Central composite experimental design was used for fast, simple, and accurate high-performance liquid chromatography (HPLC) determination of hydrochlorothiazide, amlodipine and valsartan in combined dosage forms. This method avoids the disadvantages of the traditional analytical approach, which is time-consuming, involves a large number of runs, and does not allow establishing the multiple interacting parameters.
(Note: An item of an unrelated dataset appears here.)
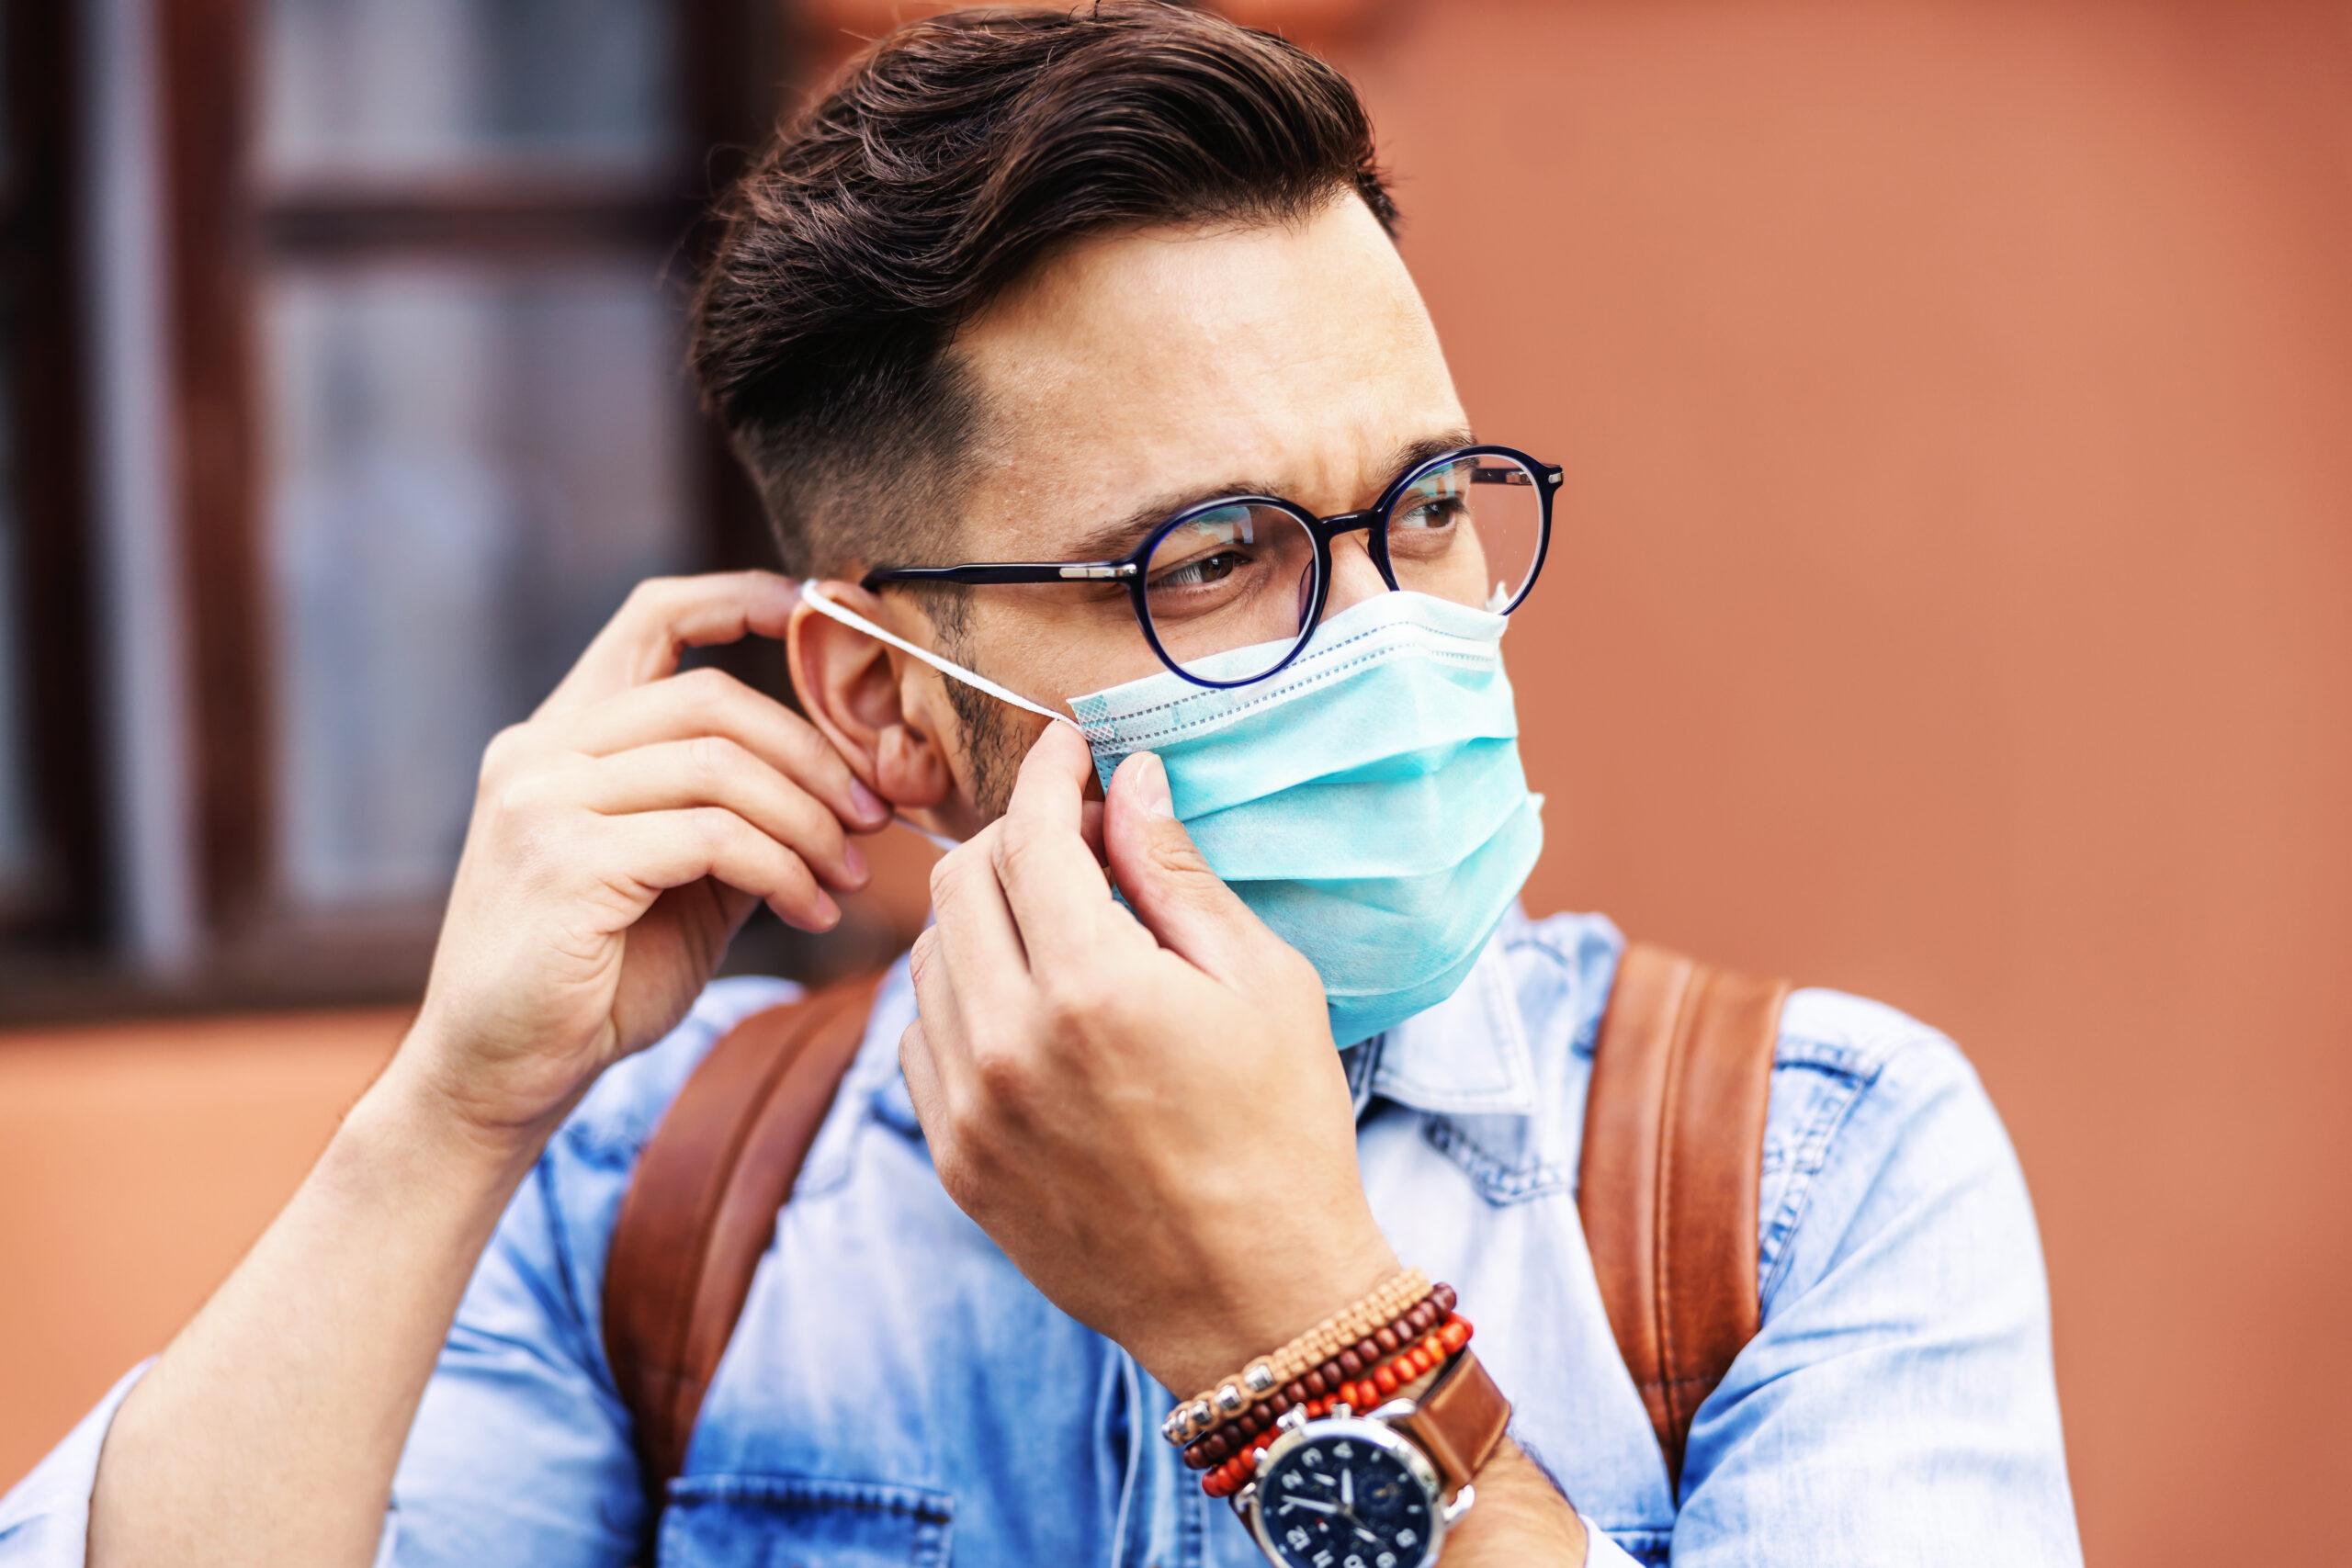 Stadtverwaltung: Maskenpflicht in der Innenstadt ab dem 5. Dezember

On the basis of preliminary experiments and physicochemical characteristic of analyzed substances, three independent variables (methanol content, pH of the mobile phase, and column temperature) were selected as input, while as dependent variables, six responses (retention time of hydrochlorothiazide, retention time of amlodipine, retention time of valsartan, asymmetry of hydrochlorothiazide peak, asymmetry of amlodipine peak, and asymmetry of valsartan peak) were chosen. Face centered central composite design enables an estimation of factors which have the most importance. After optimizing experimental conditions, a separation was conducted on a Zorbax C-8 (150 mm x 4.6 mm, 5 mu m) column with a mobile phase consisting of methanol-acetonitrile-acetate buffer 40: 20: 40 (v/v/v), pH adjusted to 3.5 with acetic acid, flow rate of 1 mL/min and column temperature of 40 C-deg. The method was successfully applied to the simultaneous separations of these active drug compounds in their commercial dosage forms.